Cover: Ahmad Kekal Hamdani, “Jendela Malam” (2013) Acrilyc on Canvas 70 x 80 cm.
|
maulidiyah
saya membayangkan sebuah pertempuran.
bukankah kamu baru saja dari laut. melihat sebuah ihwal
pertempuran dari pendar ombak dan hujan yang tiba-tiba jatuh dengan sekotak kue
tart dan lilin ulang tahun. kamu bernyanyi meniru siul angin yang sumbang di
pucuk pohon kelapa. siapa yang masih sempat mengingat hari lahir, siapa yang
sudah membayangkan segala hal sontak berhenti dan tak mengalir?
saya membayangkan sebuah pertempuran.
seharusnya saya sudah menulis beberapa nama pada lembar catatan
kuliah tentang bibir perempuan, pedang dan perisai yang tergantung di dinding
rumah. mungkin sebuah mural dan lukisan yang terbalik atau jam dinding yang
malas memutar usia dan lubang-lubang kecil bekas paku dari pigura yang sudah
lama pecah kacanya.
saya membayangkan sebuah pertempuran.
seandainya saya baru saja dari toko yang menjual beragam kenangan,
mungkin sudah saya beli sepotong bulan ungu, sekotak tisu dan sedikit keju.

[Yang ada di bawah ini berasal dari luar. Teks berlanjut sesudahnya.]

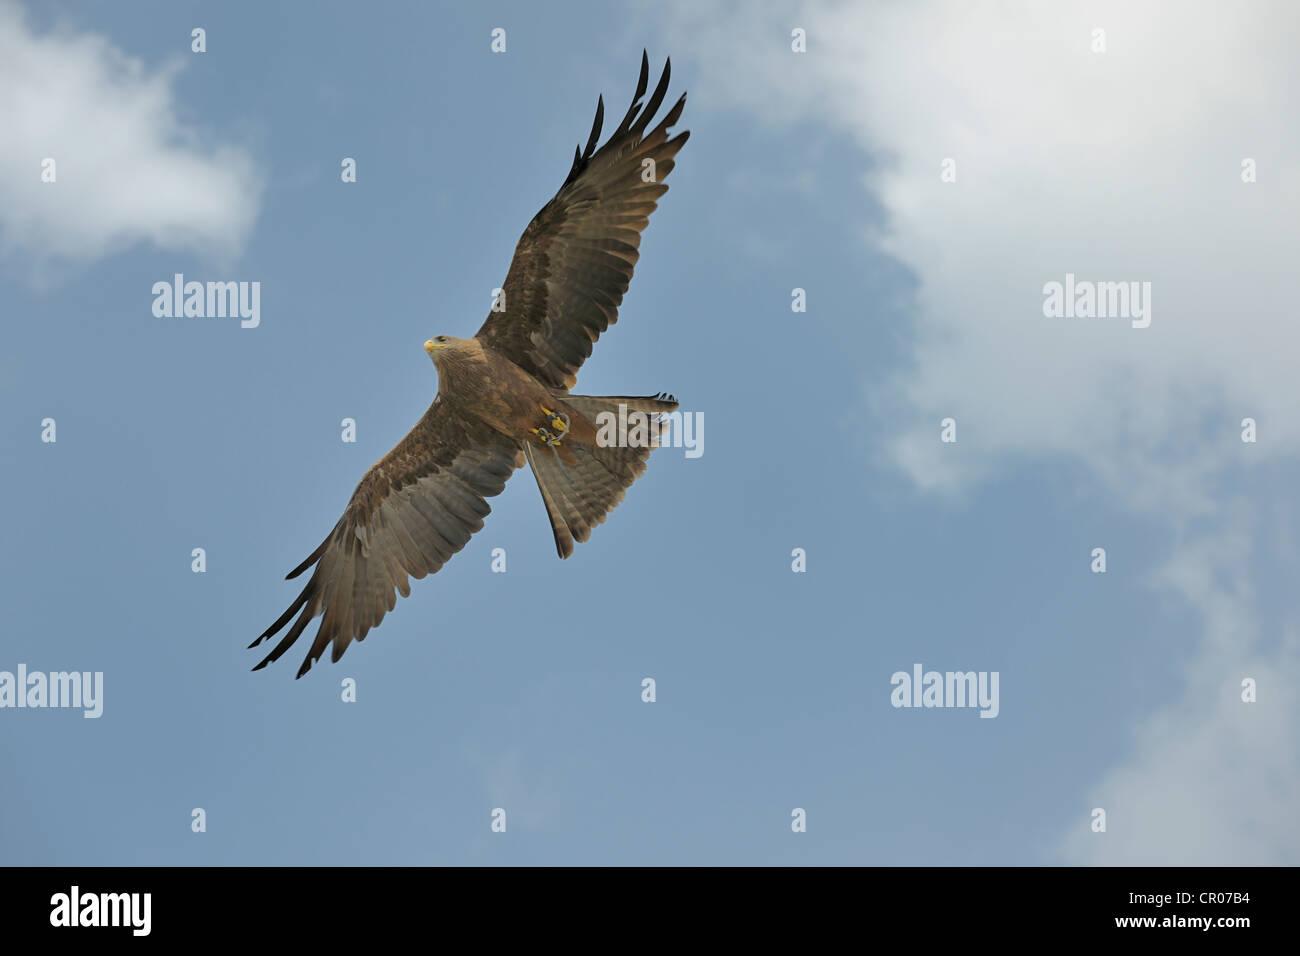 Black kite (Milvus migrans), Landskron Castle, an ornithological station for raptorial birds, Carinthia, Austria, - Stock Image

barangkali pertempuran bisa dilakukan di atas meja makan sambil menonton
berita-berita kriminal dari televisi dan diskusi tentang apakah kita perlu
mengganti televisi warna menjadi hitam putih?
saya membayangkan sebuah pertempuran terjadi dalam sebuah puisi
yang kita tulis bersama di atas ranjang yang tak henti mengabarkan derit
birahi.
2009
nuh
adakah yang lebih bergelombang ketimbang namaku? ada banjir dalam
rindu. ada kutukan dalam waktu. aku tak mendengar lagi detak jam yang
mengajakku pada pertemuan rahasia.—apa yang lebih rahasia ketimbang doa-doamu?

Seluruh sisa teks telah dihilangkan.